Allocating Demand to Trains

Since this is a simple model we'll assume that everyone boards the best train (in real models we assume some people board the second and third best trains, which does in fact happen in reality. This is sometimes referred to as a "fuzzy logic" approach). This gives the following train loads:

	Train 1	Train 2	Train 3	Train 4	Train 5	Train 6
Total Load	151	159	207	199	187	97

This is the model in a nutshell. Now we can change the number of trains, the train times, the demand level or the demand profile and instantly see the effect.

Looking at model accuracy

The model can now help us understand how passengers might behave, but we can never be certain the model is correct. We are talking about real people after all, and their precise behaviour is hard to predict! However, in business it is useful to be able to reassure the client that the model's predictions are "good enough" for their purposes.

In this case, three areas can be considered to see how good the prediction is:

We may not have predicted overall future demand correctly.
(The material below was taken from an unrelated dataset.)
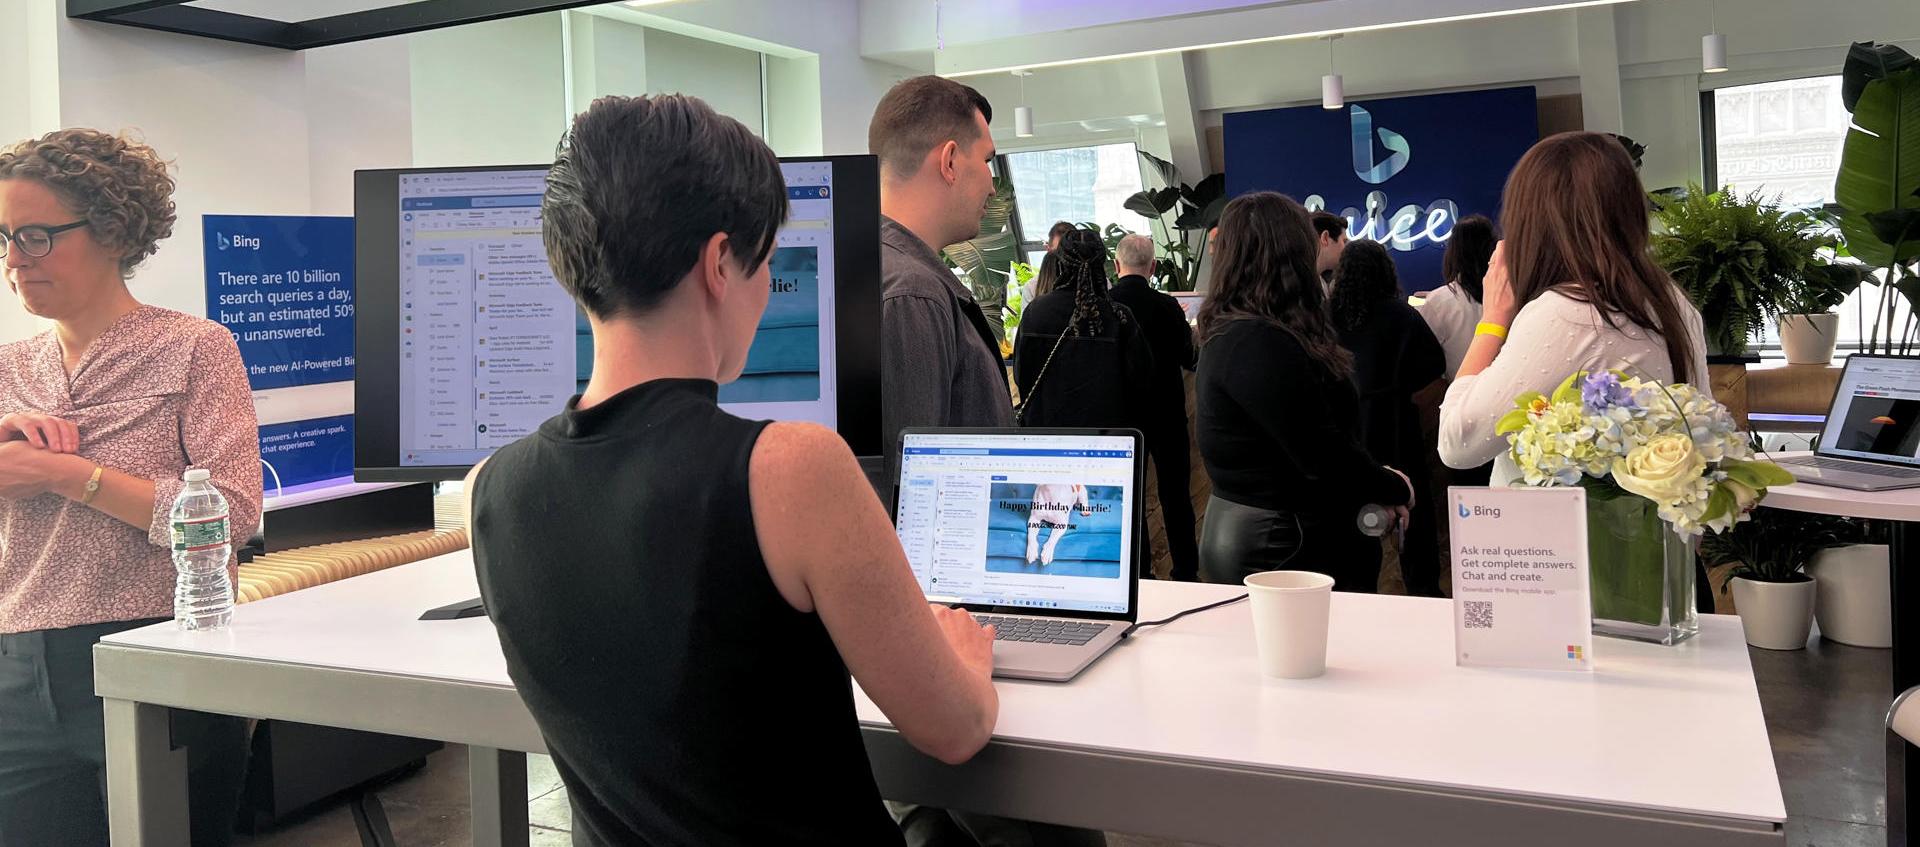 Varias personas conocieron las nuevas herramientas de Inteligencia Artificial en una tienda de Microsoft, en Nueva York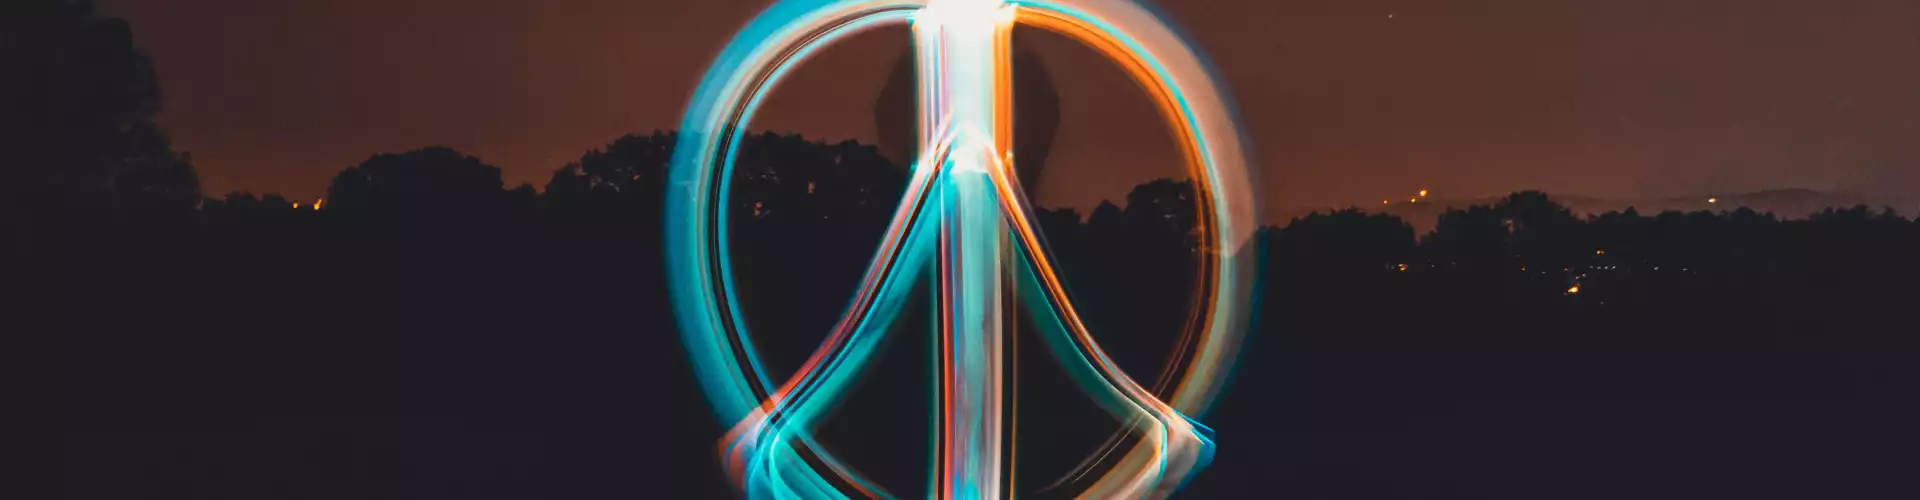 和平之路 - 6 週課程

We may be predicting a 10% increase in customers, but what if it turns out to be 12%, or only 8%? This can have a major impact on the decisions made.
The model might not properly predict how customers respond to longer or more frequent trains. What if the value of N should be 0.4 or 0.6 rather than 0.5?
Customer behaviour might vary from day to day, and we may require a result which takes this into account.

The first two of these might be tackled by what is known as "sensitivity analysis". This usually involves entering various values of demand, say, into the model and recording how much the answer changes. We might also analyse input data to assess how likely it is that the value of N or the demand prediction should change. Combining this, we can usually advise the client on a number of higher and lower "scenarios" and the likelihood of each of these.

The final case is dealt with in the section below.

3. Producing meaningful results for clients

Having the model isn't everything. We must understand the results it gives well enough to advise clients. In a recent piece of work a client was specifically interested in the number of passengers who would be standing on trains when a new timetable was introduced.When considering numbers standing, we found that statistical analysis of the model results was required to provide meaningful figures. To see why, consider the predictions of numbers standing produced in our example above:

	Train 1	Train 2	Train 3	Train 4	Train 5	Train 6
Total Load	151	159	207	199	187	97
Capacity	100	160	160	160	160	100
Standing	51	0	47	39	27	0

So the model predicts a total of 164 people standing. However, what if this predicted load is the average for the year, and the number of passengers varies from day to day? For example, Train 2 could have 0 people standing on an average day, but on a "bad day" there would be some standing. The results sent to the client needed to reflect this.

The important point was to understand how much train loads vary, and find a way to take account of this. We can use statistical methods to analyse historic data and describe the variation. This will allow us to estimate numbers standing on average.

Typically, train loads vary as shown in the diagram below.

The dark blue line marks the capacity of the train - so if there are more people on the train, the extra must stand. Notice that most trains carry around the average number of passengers - only a few carry far more or far fewer than that average. If you know a little about integration you will see that the shaded area on the diagram represents the average number of people standing on a given day.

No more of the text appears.